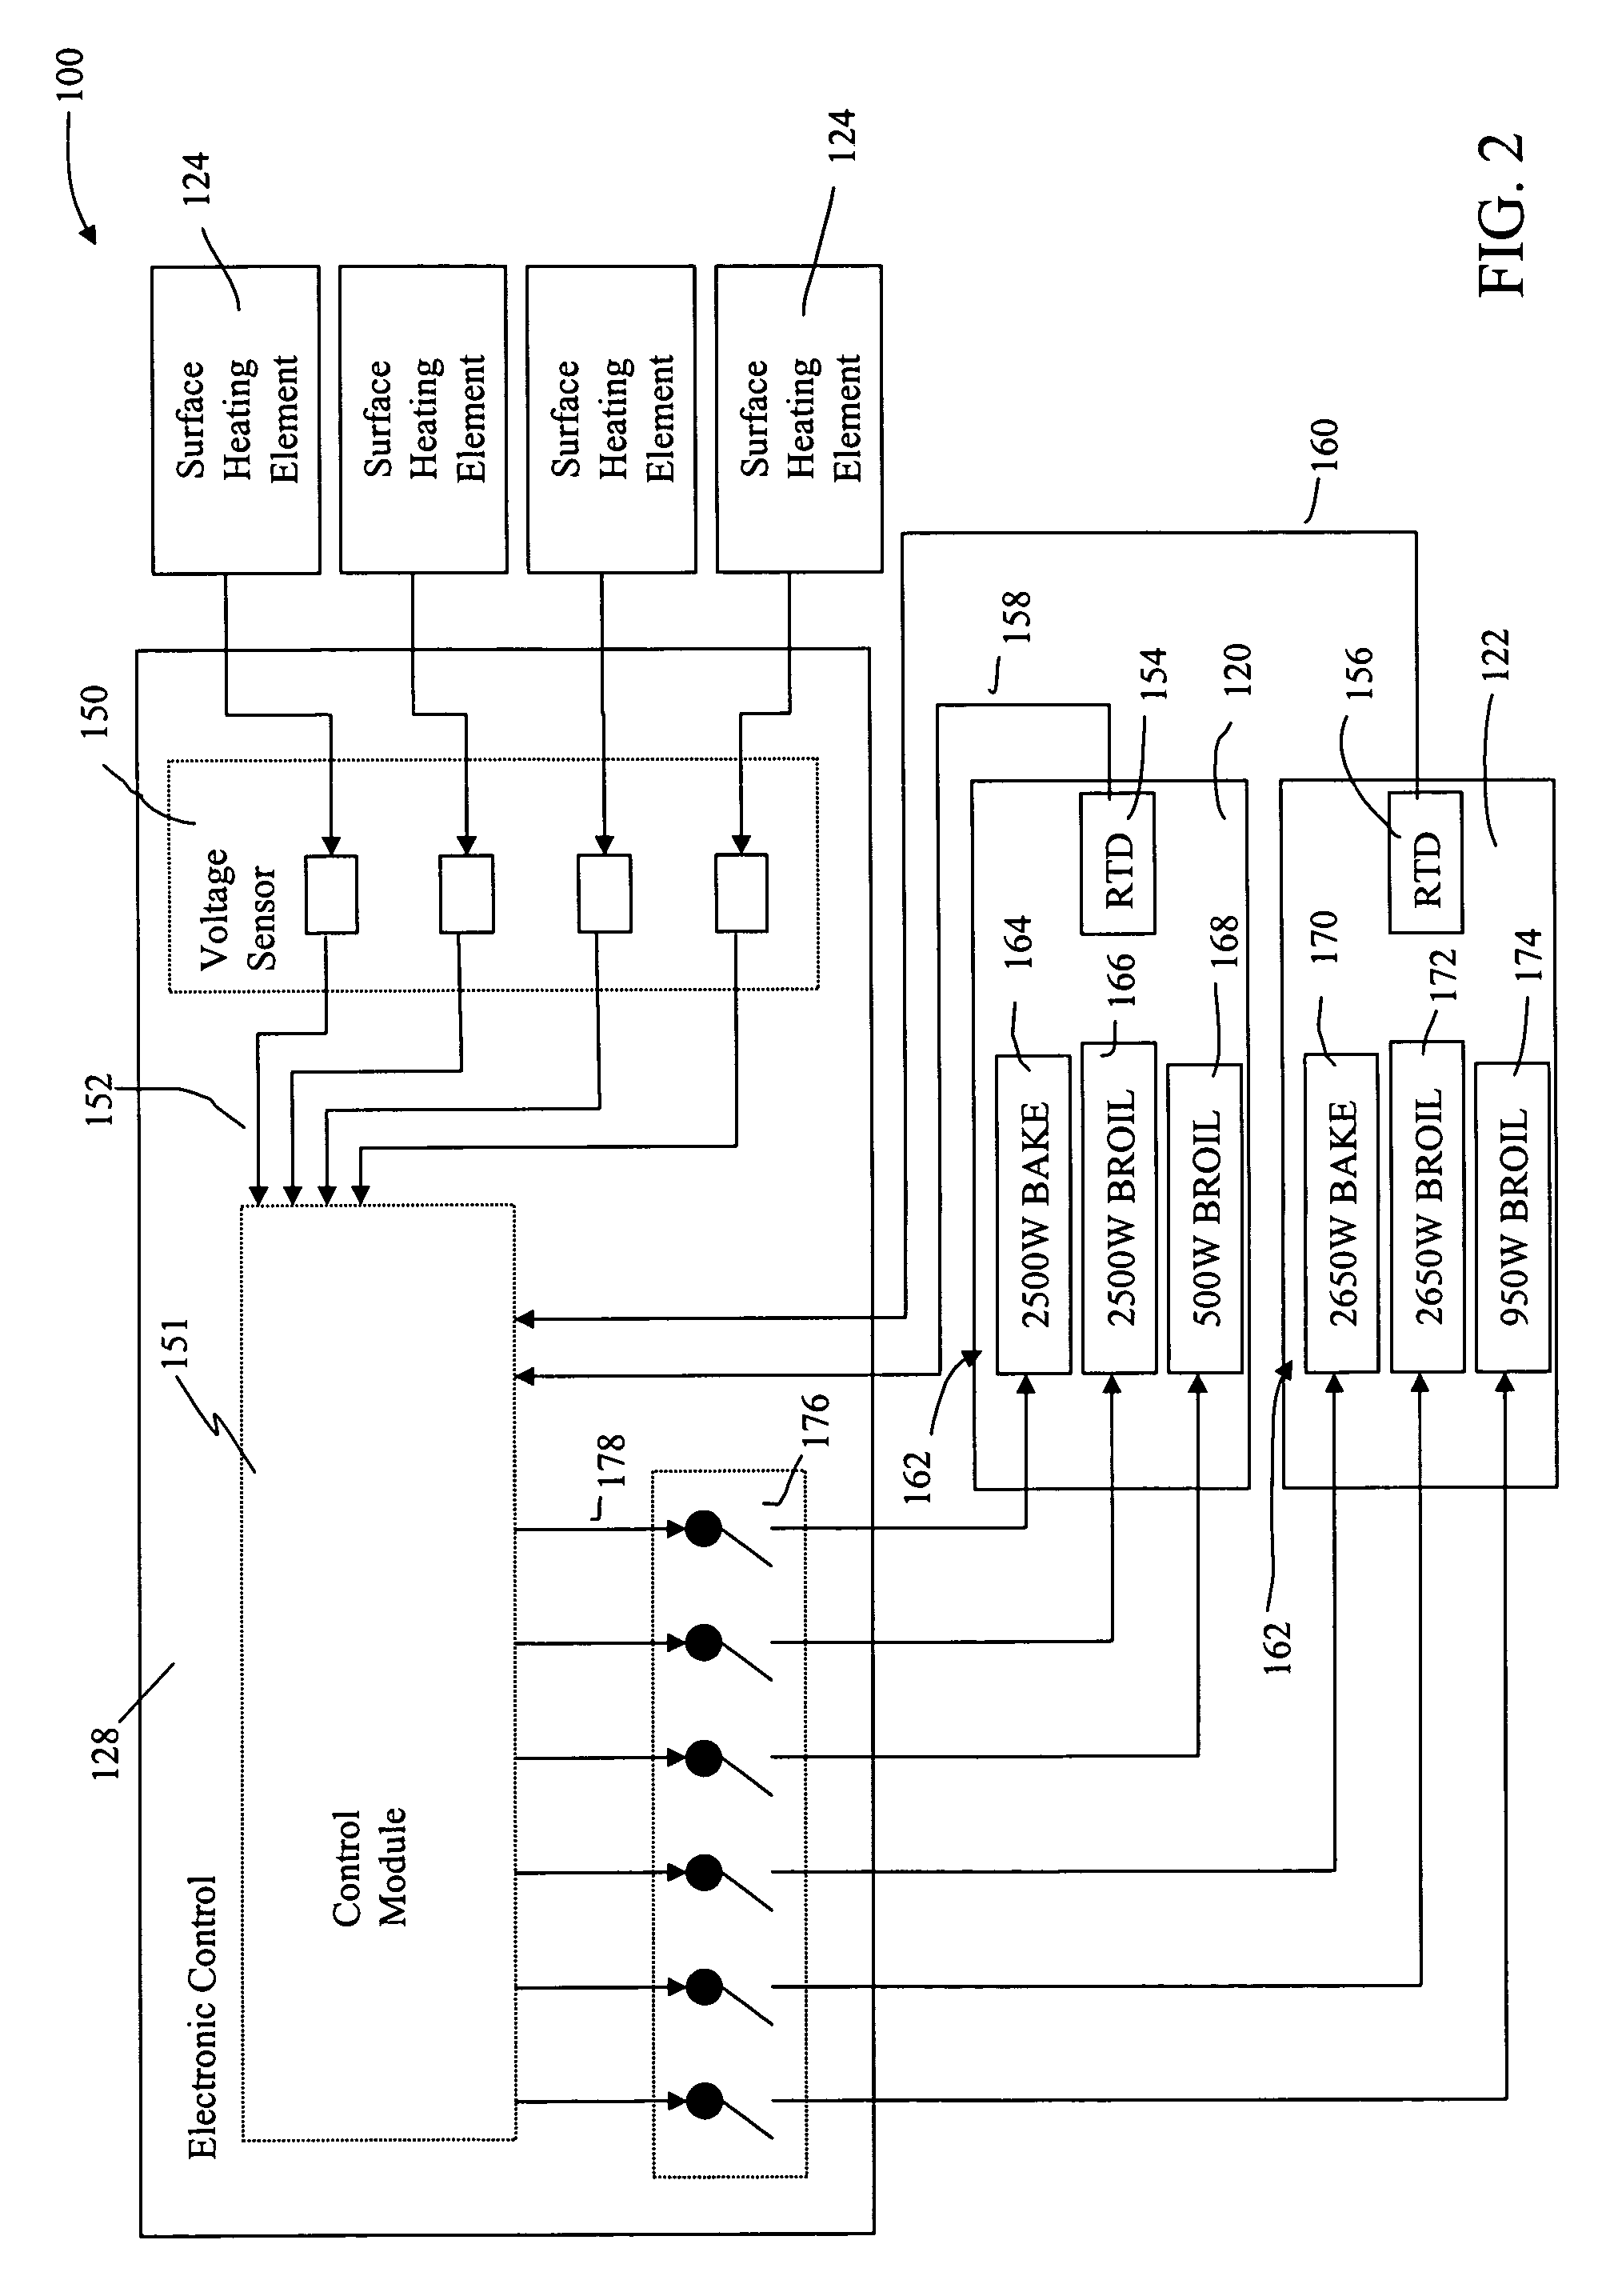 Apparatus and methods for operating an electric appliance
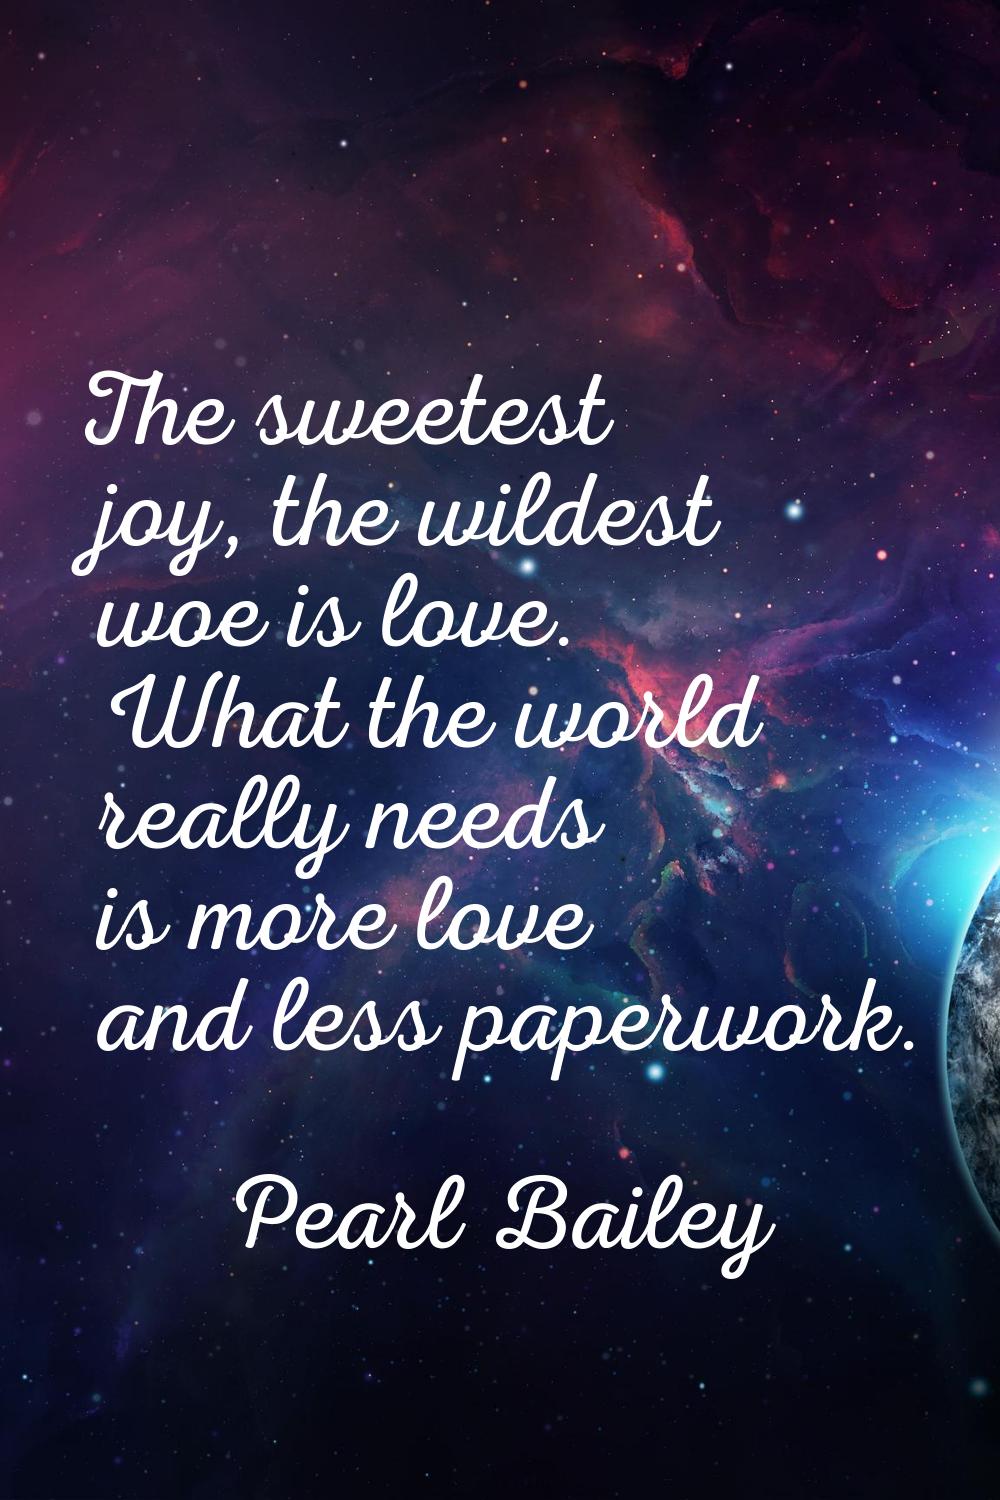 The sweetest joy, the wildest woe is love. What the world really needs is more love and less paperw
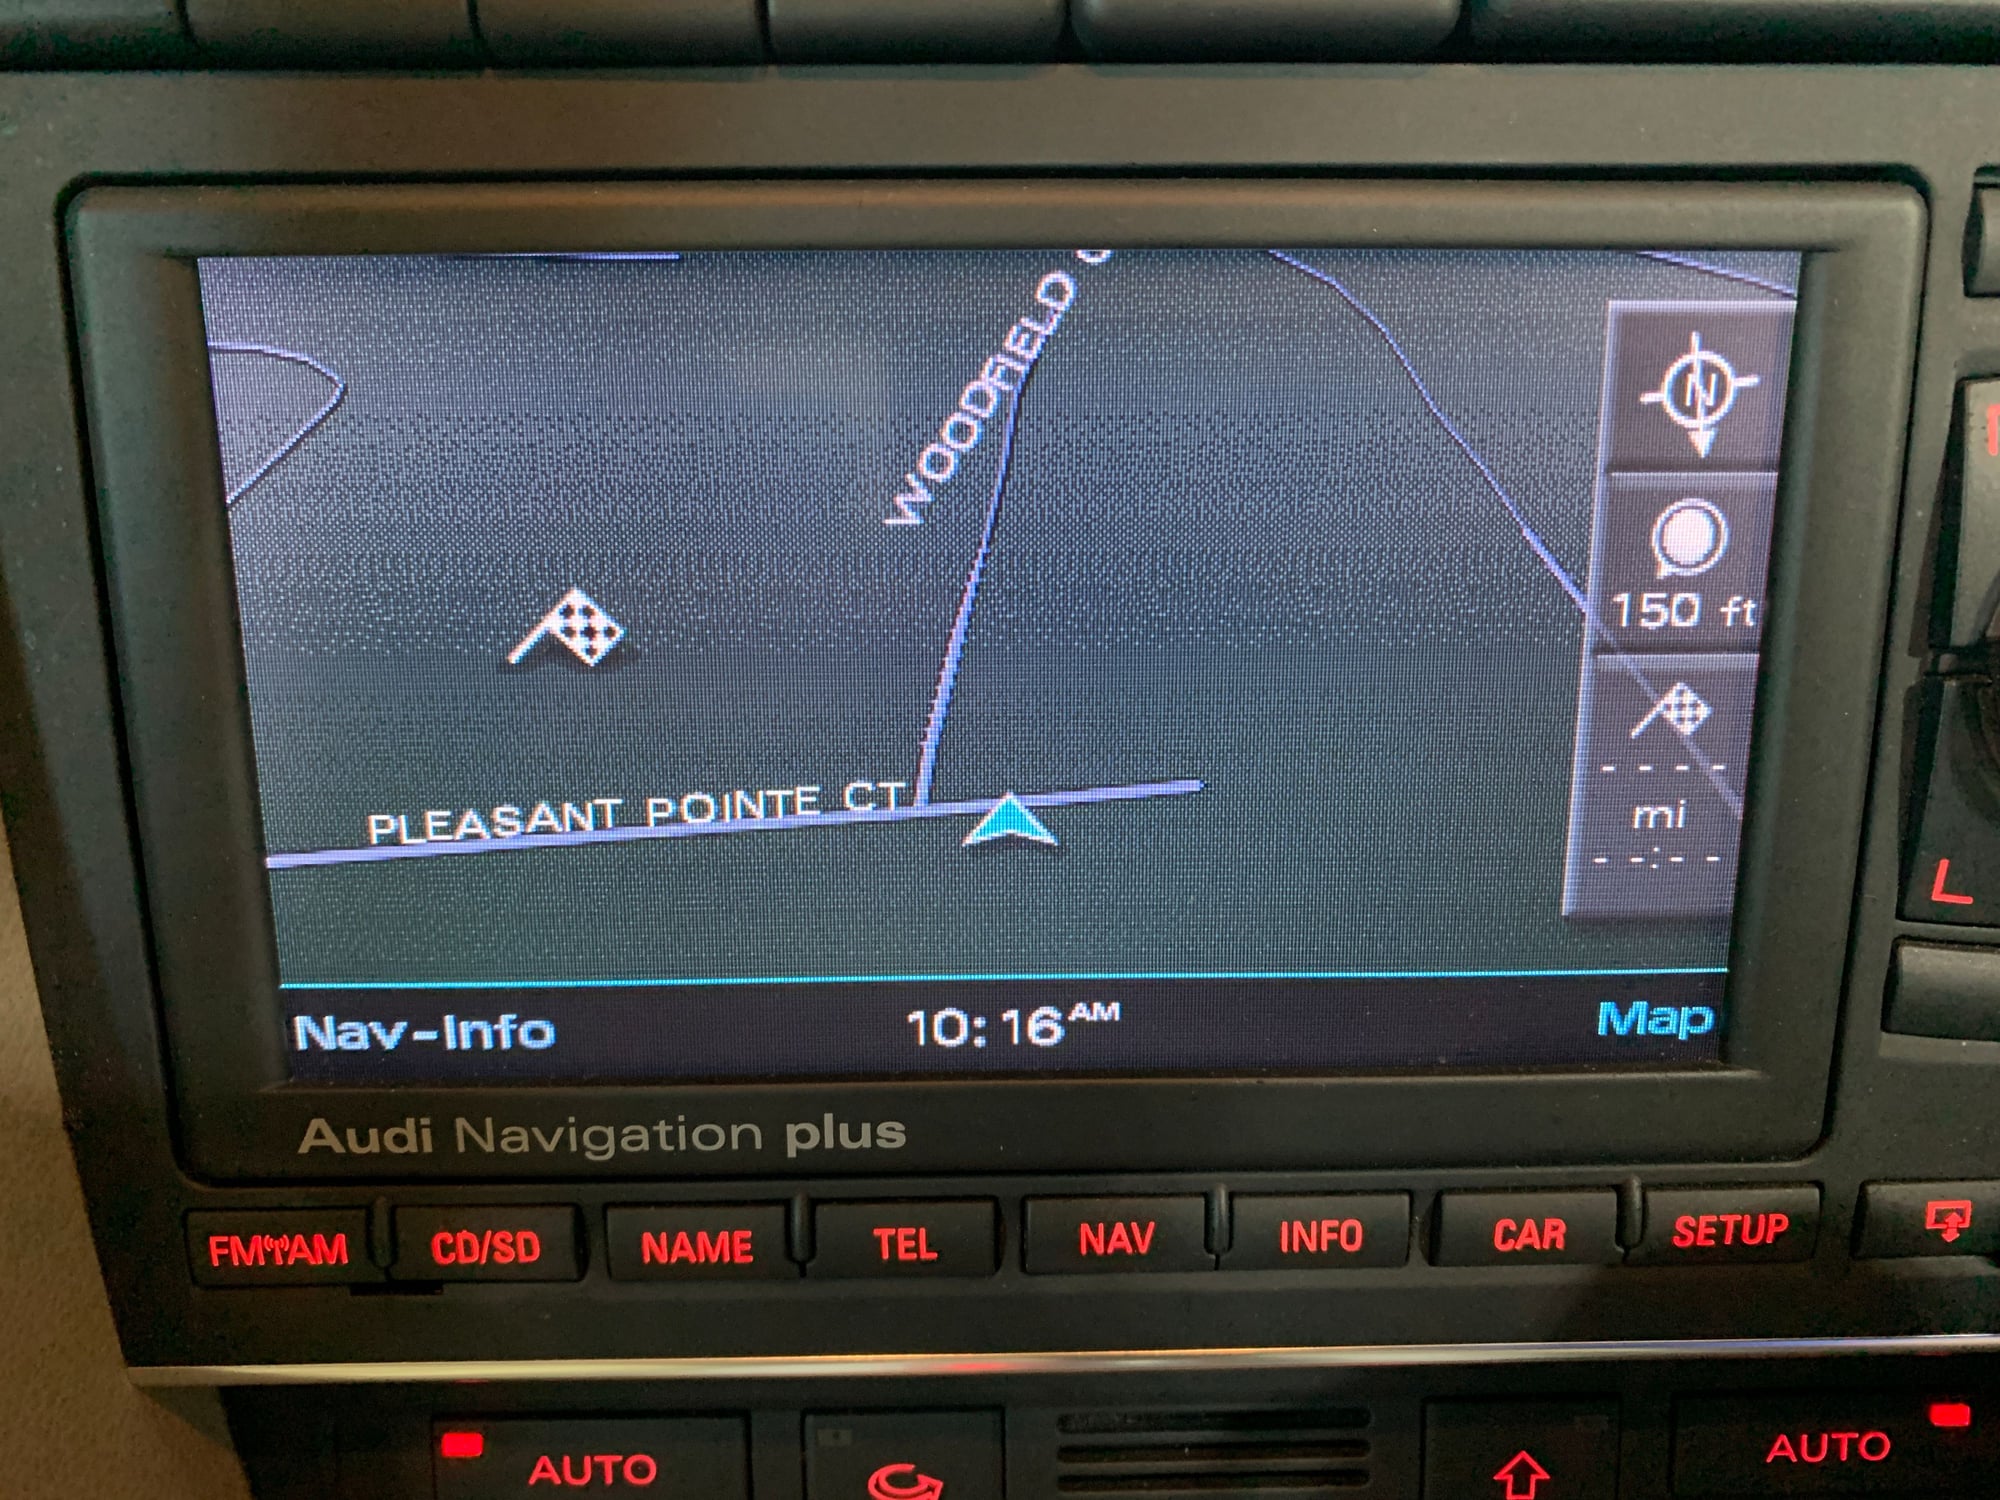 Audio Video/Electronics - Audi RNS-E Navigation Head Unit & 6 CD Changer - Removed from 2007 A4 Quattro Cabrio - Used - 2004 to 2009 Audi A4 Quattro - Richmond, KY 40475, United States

----

- _Goal of the exercise_: Return the material exactly as it reads, though without the pictures it holds.

- _Task solution_:
 Apparatus and methods for operating an electric appliance
 The sweetest joy, the wildest woe is love. What the world really needs is more love and less paperw
 Audio Video/Electronics - Audi RNS-E Navigation Head Unit & 6 CD Changer - Removed from 2007 A4 Quattro Cabrio - Used - 2004 to 2009 Audi A4 Quattro - Richmond, KY 40475, United States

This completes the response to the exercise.